HOniton made the long trip down to the Roseland peninsular in to deepest darkest Cornwall to play their last away Cornish fixture. Roseland the host, have had a torrid season thus far and are currently second from bottom in what is a tough league.

Honiton set off at 10am, with several changes to personnel and a new skipper for the day, in Chris Huskins, but they were in buoyant mood as they took to the field.

Unfortunately, they had a less than auspicious start as, with in minutes, they lost influential prop Mick Huskins with a torn calf muscle. Phil “the power” Pavey jumped into his slot. This disruption and a bright start from the rather large host and two kicked penalties saw Honiton on the back foot for the first 10 minutes.

However, with the long journey out of the system and a general settling down, Honiton hit the opposition with a blitz of three well-worked tries. Excellent ball retention and recycling combined with slick hands all went to produce tries for centre Josh Barrett, prop Isaac Dalton and eight Josh Rice, with three well taken conversions from Glenn Channing

Honiton were in the driving seat. Tails up and, again, good handling saw Honiton put a further three tries in to the opposition in the remainder of the half. Ben Webber skinned his man for the first, Barrett got his second via route one and try of the half was dotted down by Ben Small, following a move that went from Honiton’s ten yard line, across and back the field three times for and unopposed score in the corner.

Channing converted all three and Honiton turned round an impressive 42-6 up.

The second half was a little more torrid for the Lacemen as the home side recovered from the shock of the try blitzed first half and using their size, the slope and wind they camped in Honiton’s half for several long periods.

Honiton defence is really quite good now a days and, despite the pressure, the line held firm throughout.

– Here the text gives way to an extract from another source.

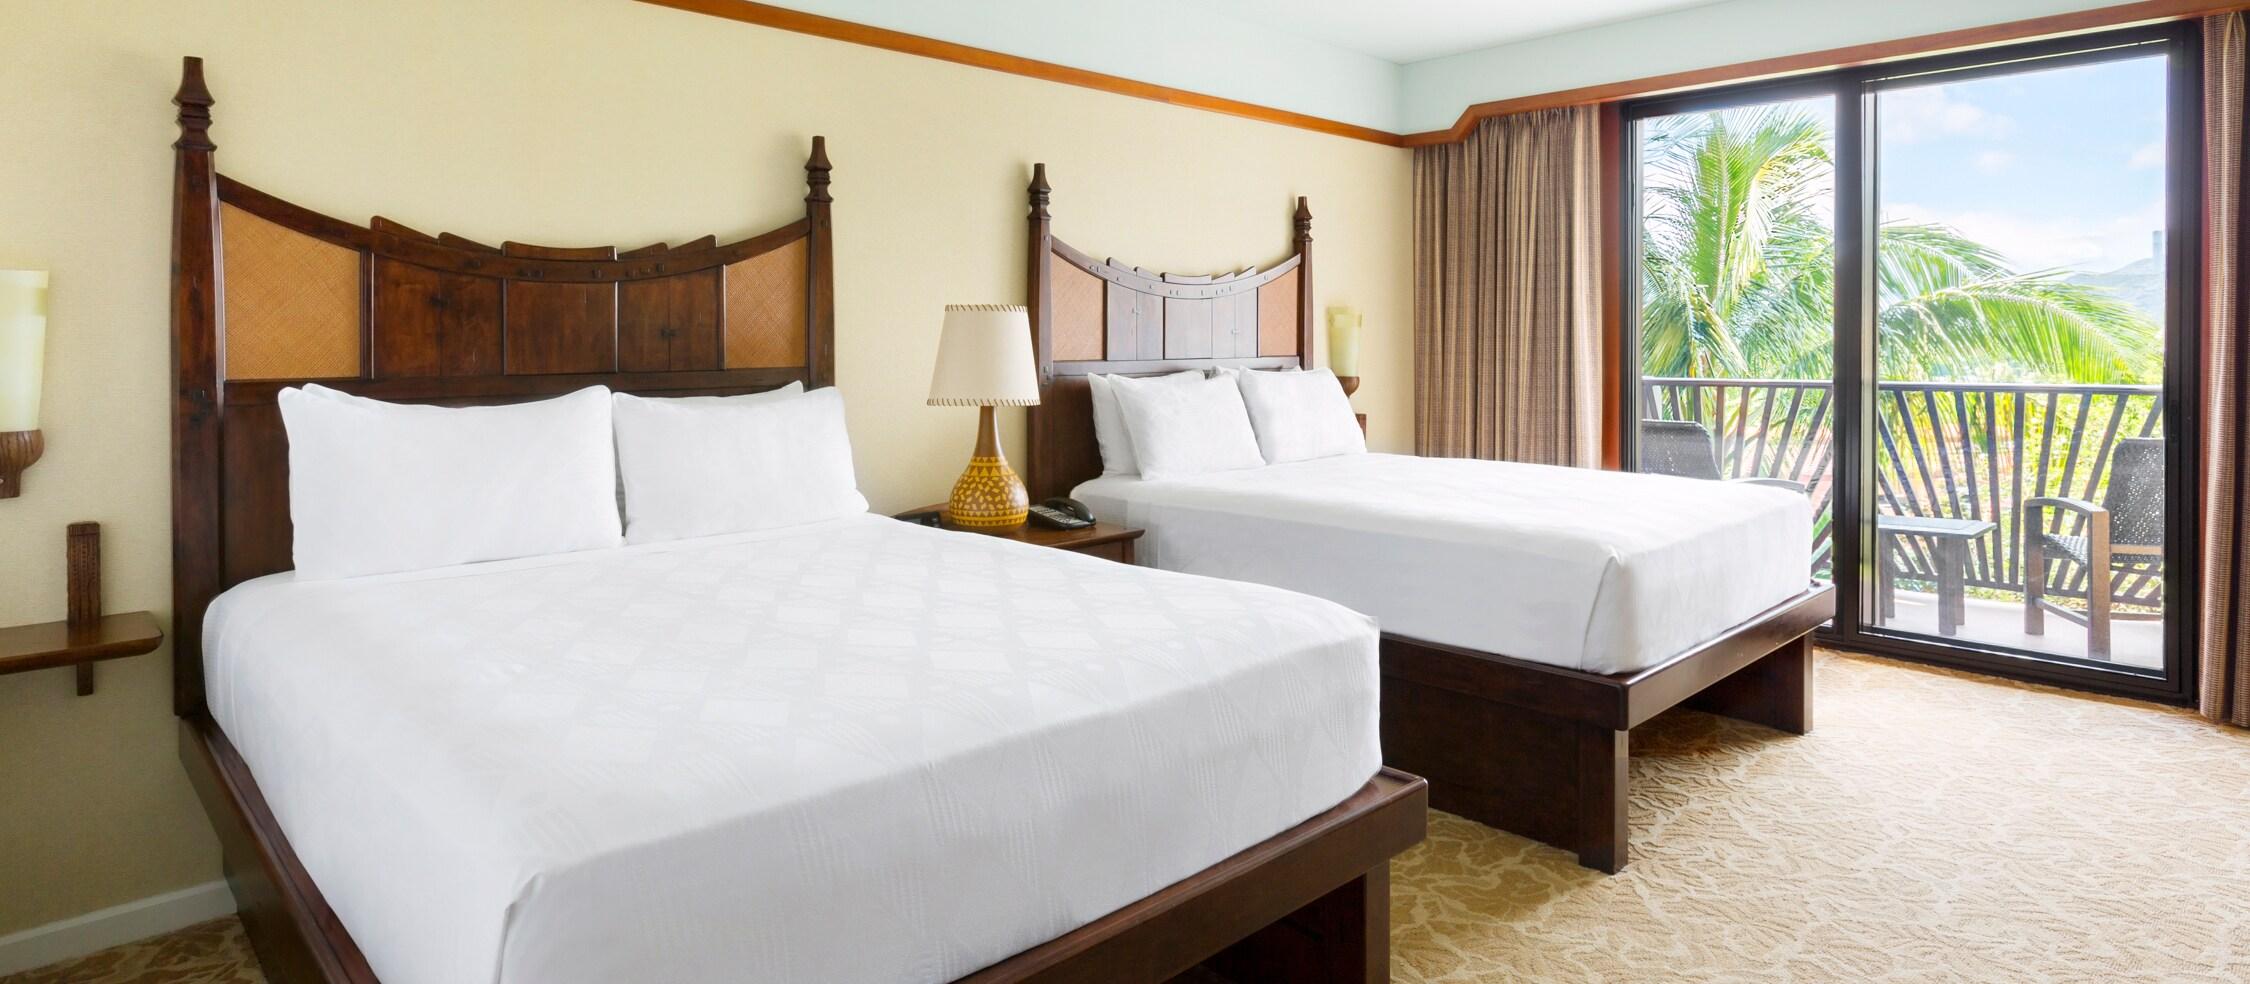 2 台のクイーンサイズのベッドが置かれたアウラニのスタンダードルーム

In the last 20, Honiton’s fitness showed and, following several breaks, especially from fullback Ollie Rice, Honiton were able to get behind the defence and, with slick hands from both backs and forwards, blitz the line again with scores from Luke Kenny and the hard working Jason Hannay. Andy Canniford rounded off an excellent 20 minutes as a sub with two great tackles and a brace of tries thrown in. Channing only missed one kick all day, and that one shaved the post.

Honiton ran out comfortable winners by 68-6 in what was a really good team performance.